CRFT: Consistent-Recurrent Feature Flow Transformer for Cross-Modal Image Registration
Summary: arXiv:2604.05689v1 Announce Type: cross
Abstract
We present Consistent-Recurrent Feature Flow Transformer (CRFT), a unified coarse-to-fine framework based on feature flow learning for robust cross-modal image registration.
CRFT learns a modality-independent feature flow representation within a transformer-based architecture that jointly performs feature alignment and flow estimation.
The coarse stage establishes global correspondences through multi-scale feature correlation, while the fine stage refines local details via hierarchical feature fusion and adaptive spatial reasoning.
To enhance geometric adaptability, an iterative discrepancy-guided attention mechanism with a Spatial Geometric Transform (SGT) recurrently refines the flow field, progressively capturing subtle spatial inconsistencies and enforcing feature-level consistency.
This design enables accurate alignment under large affine and scale variations while maintaining structural coherence across modalities.
Extensive experiments on diverse cross-modal datasets demonstrate that CRFT consistently outperforms state-of-the-art registration methods in both accuracy and robustness.
Beyond registration, CRFT provides a generalizable paradigm for multimodal spatial correspondence, offering broad applicability to remote sensing, autonomous navigation, and medical imaging.
Code and datasets are publicly available at https://github.com/NEU-Liuxuecong/CRFT.
Introduction
Cross-modal image registration is a critical task in various fields including medical imaging, remote sensing, and autonomous navigation.
Traditional methods often struggle with the complexities involved in aligning images from different modalities due to variations in scale, illumination, and other factors.
The CRFT framework addresses these challenges through an innovative use of transformer architecture, enabling robust and efficient image alignment.
Methodology
The CRFT framework consists of two main stages: a coarse stage and a fine stage.
Each stage employs a unique set of techniques to ensure accurate and consistent feature registration:
- Coarse Stage: Establishes global correspondences between images by utilizing multi-scale feature correlation. This allows the model to capture broad patterns and structures across different modalities.

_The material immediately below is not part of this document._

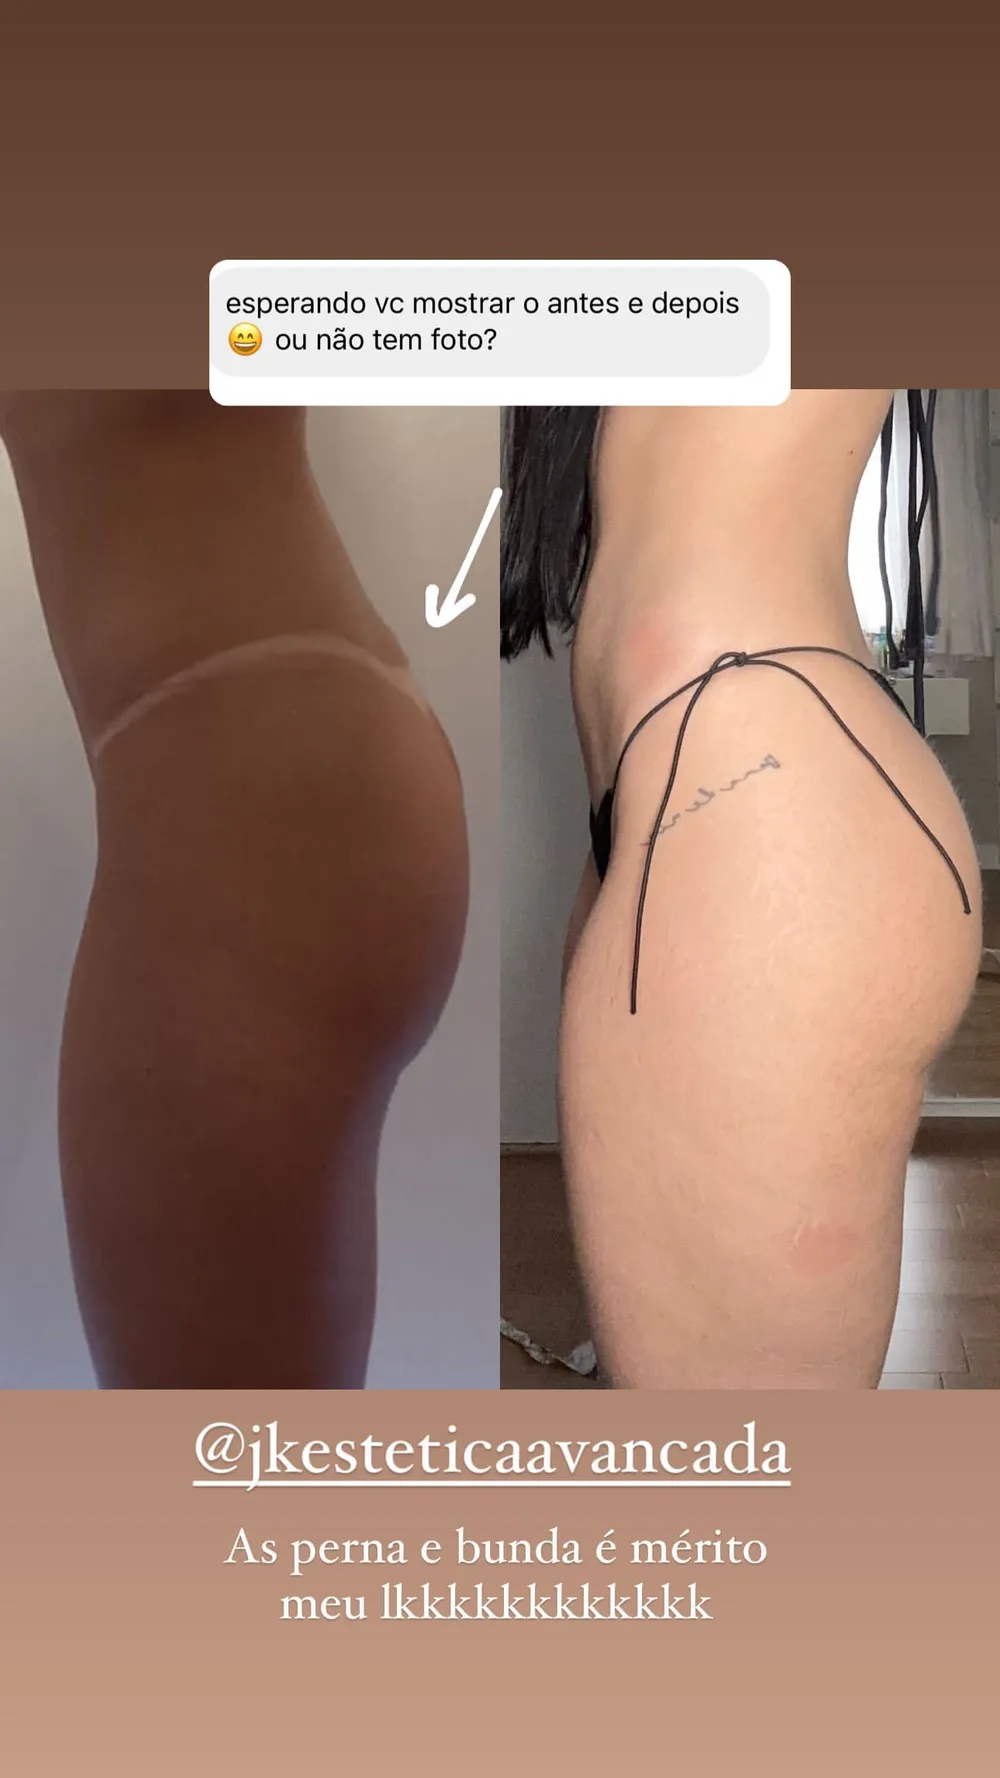 Maria Lina mostra antes e depois de cirurgias plásticas

- Fine Stage: Refines the alignment by focusing on local details through hierarchical feature fusion. Adaptive spatial reasoning is applied to enhance the precision of the registration.
- Iterative Discrepancy-Guided Attention: An innovative mechanism that leverages Spatial Geometric Transform (SGT) to recursively refine the flow field, effectively addressing subtle spatial inconsistencies.
Results
Comprehensive experiments conducted on a variety of cross-modal datasets indicate that CRFT significantly outperforms existing state-of-the-art registration methods.
Metrics such as accuracy and robustness were evaluated, showcasing CRFT’s superior capability in handling diverse image modalities and registration challenges.
Applications
The versatility of CRFT extends beyond mere image registration. Its ability to establish multimodal spatial correspondences makes it suitable for a wide range of applications:
- Remote Sensing: Accurate alignment of satellite images for environmental monitoring and analysis.
- Autonomous Navigation: Enhanced perception systems for vehicles by aligning data from diverse sensors.
- Medical Imaging: Improved integration of images from different modalities, aiding in diagnosis and treatment planning.
Conclusion
The CRFT framework represents a significant advancement in the field of cross-modal image registration.
By leveraging the power of transformer architecture and innovative feature flow learning, it provides a robust solution to longstanding challenges in aligning images from different modalities.
The public availability of code and datasets encourages further research and application of this groundbreaking work.